In February 2016, Albert Einstein made history, again. That’s when physicists announced they’d finally observed what the great scientist’s theories had predicted 100 years earlier: gravitational waves.
The first confirmed sighting of gravitational waves — distortions of space-time, literally ripples in the fabric of the universe — was a tremendous feat, earning Nobel Prizes for the key developers of the Laser Interferometer Gravitational-wave Observatory (LIGO). The waves’ ultimate source was just as fantastic as the engineering that went into detecting them: two black holes smashing together, their enormous gravities sending undulations throughout the cosmos.
This achievement, the culmination of a multidecade-long effort, was justifiably celebrated. But while it resolved the long-standing issue of whether gravitational waves existed, it also marked a starting point for a whole new journey.
Before, astronomy had been based solely on studies of electromagnetic radiation and exotic particles like neutrinos and cosmic rays. But the tiny gravitational ripples, along with our recently acquired ability to see them, ushered in a novel way to study the universe.

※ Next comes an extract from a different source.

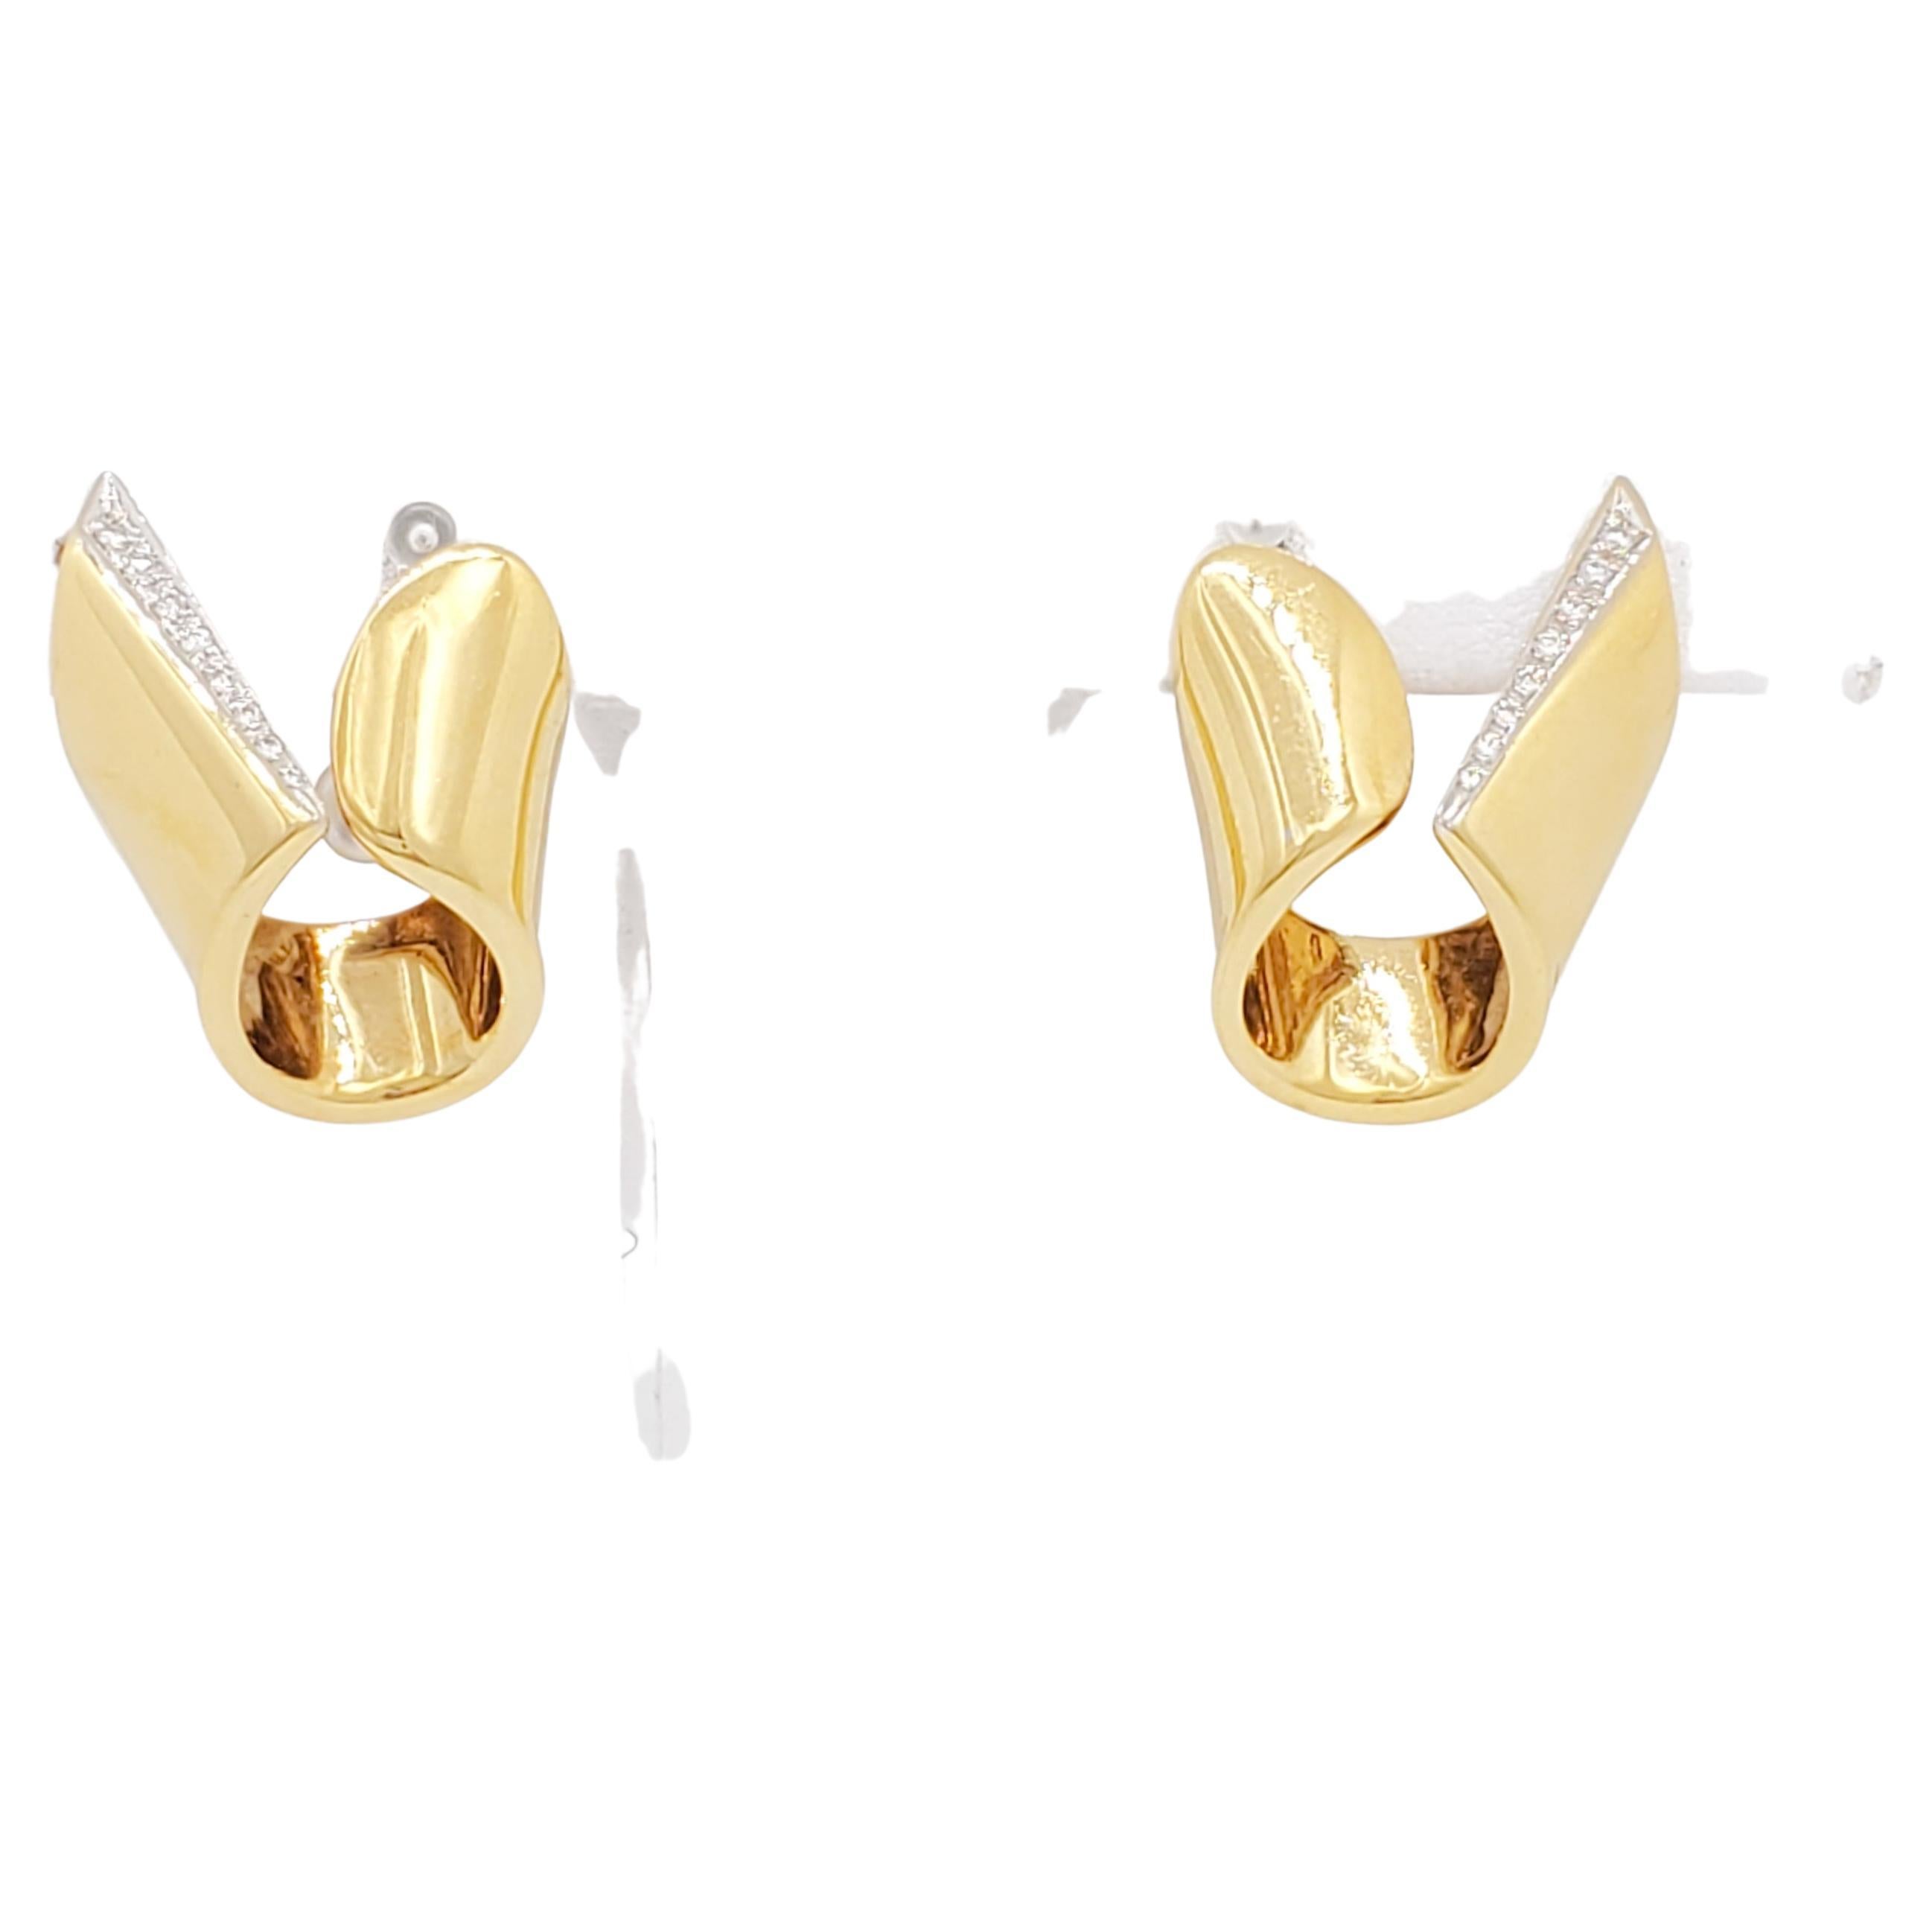 Beautiful and eclectic earrings with 0.05 ct. white diamond rounds.  Handmade in 18k yellow gold.

Gravitational waves offer independent cross-checks on established avenues of research, while revealing phenomena we haven’t seen before — and may not have imagined. In addition to the great (and previously unavailable) views we now have of the violent crashes between black holes and other superdense objects, gravitational waves may also clue us in to what transpired within a split second of the Big Bang itself. They could show us, moreover, how the universe has been expanding ever since. And while the sighting of gravitational waves offered a vindication of Einstein’s hallowed principles, researchers can now subject general relativity to its most stringent tests yet, possibly revealing its shortcomings.